Schutt, R., & O'Neil, C. (2013). Doing Data Science: Straight Talk from the Frontline. " O'Reilly Media, Inc.".


kNN is in many ways a special case of a supervised machine learning algorithm. It is unique in that the data itself is the model and no training of a classifier takes place explicitly. **kNN is particularly susceptible to deteriorating accuracy** if there are meaningless features in the dataset. Hence, feature analysis should always be performed together with dimensionality reduction if using kNN.

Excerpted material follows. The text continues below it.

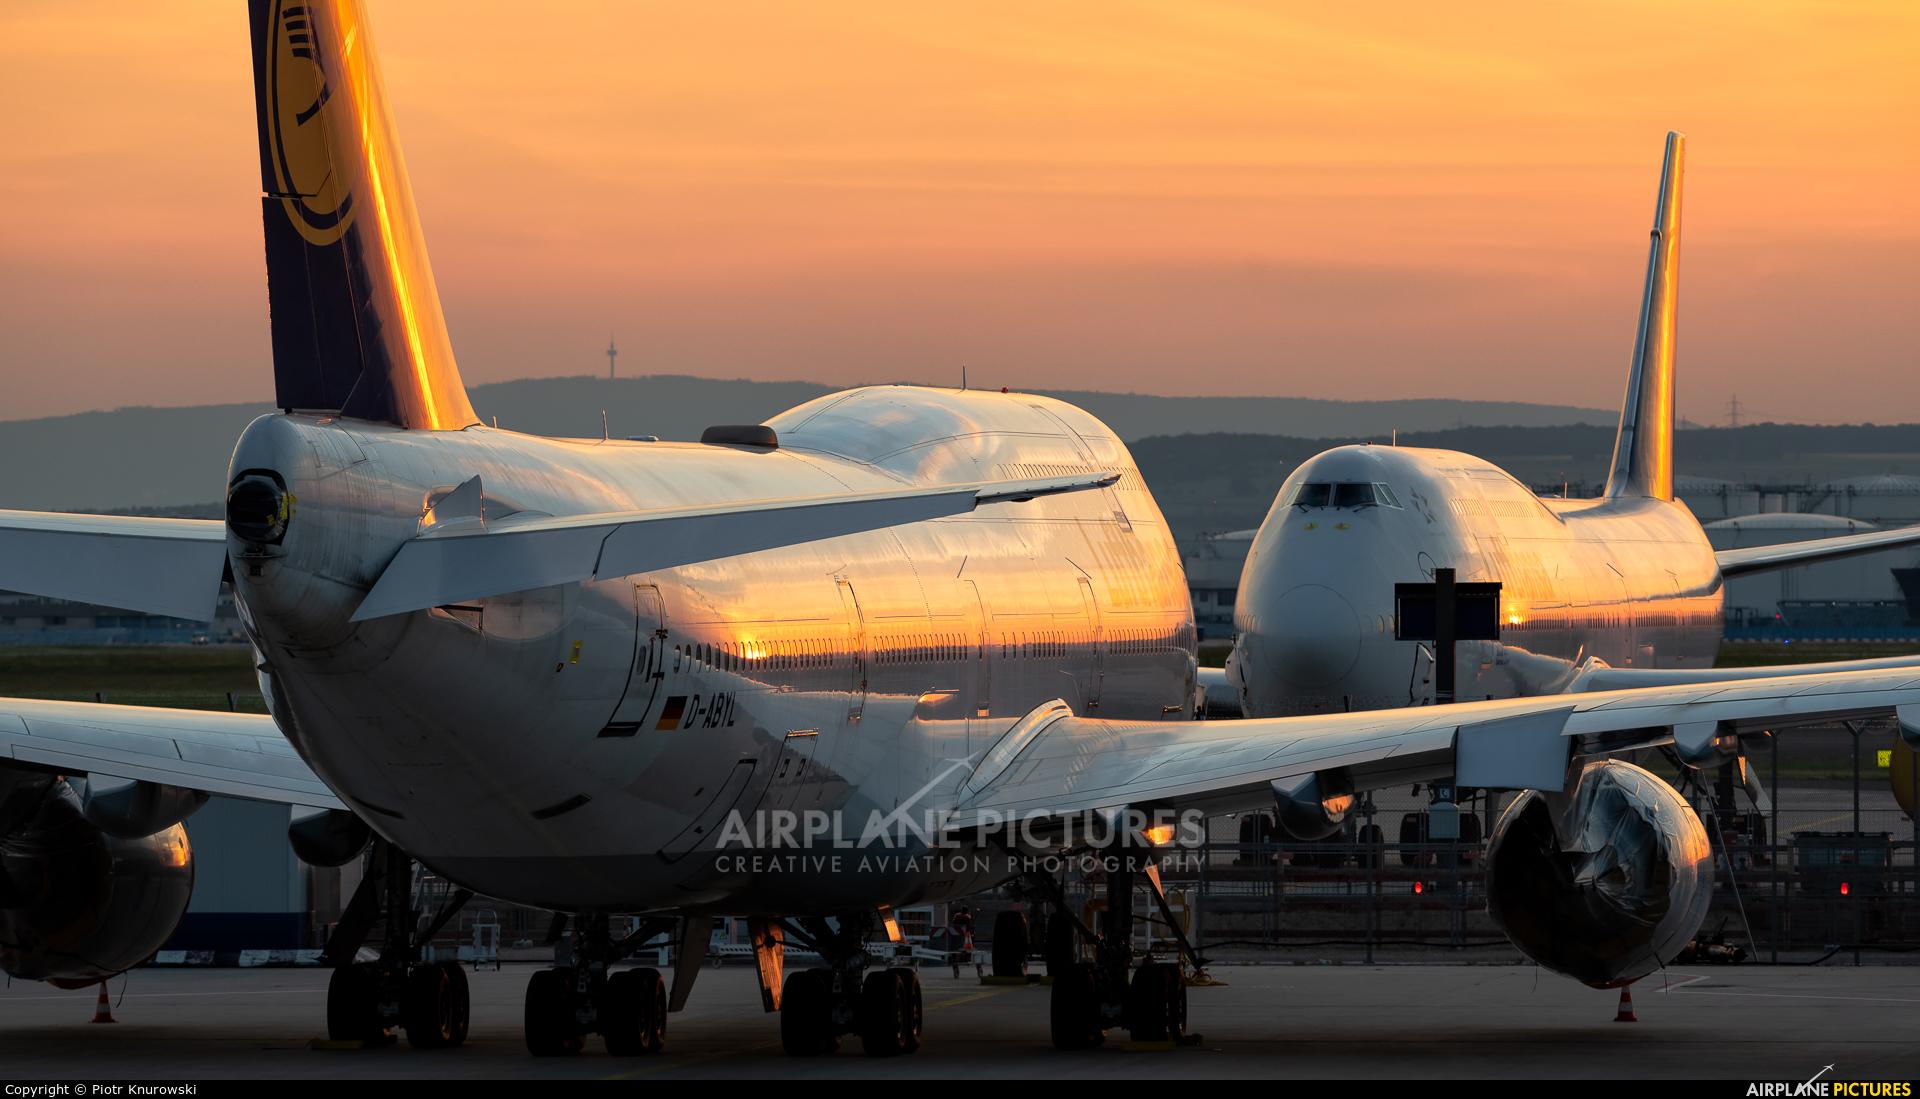 Lufthansa D-ABYL aircraft at Frankfurt

**Naive Bayes is more robust against outliers as well as un-informative features** than kNN. However, one has to be careful with Naive Bayes because it is naive in terms of assuming independence between features, which is almost never true in reality. Therefore **Naive Bayes is vulnerable when this assumption is strongly violated and when there is a large presence of highly correlated and redundant features**, the training will bias the final result towards those features, and the final probabilities are unlikely to be accurate for interpretation.

**Exercise:** 

Go to https://archive.ics.uci.edu/ml/index.php and select 3 machine learning datasets. 

Load them into the notebook. Prepare them for classification.

Perform 10-fold stratified-cross-validation using the built in scikit-learn Naive Bayes.

Evaluate the generalisation using several metrics.

Perform feature selection and investigate if the generalisation has improved.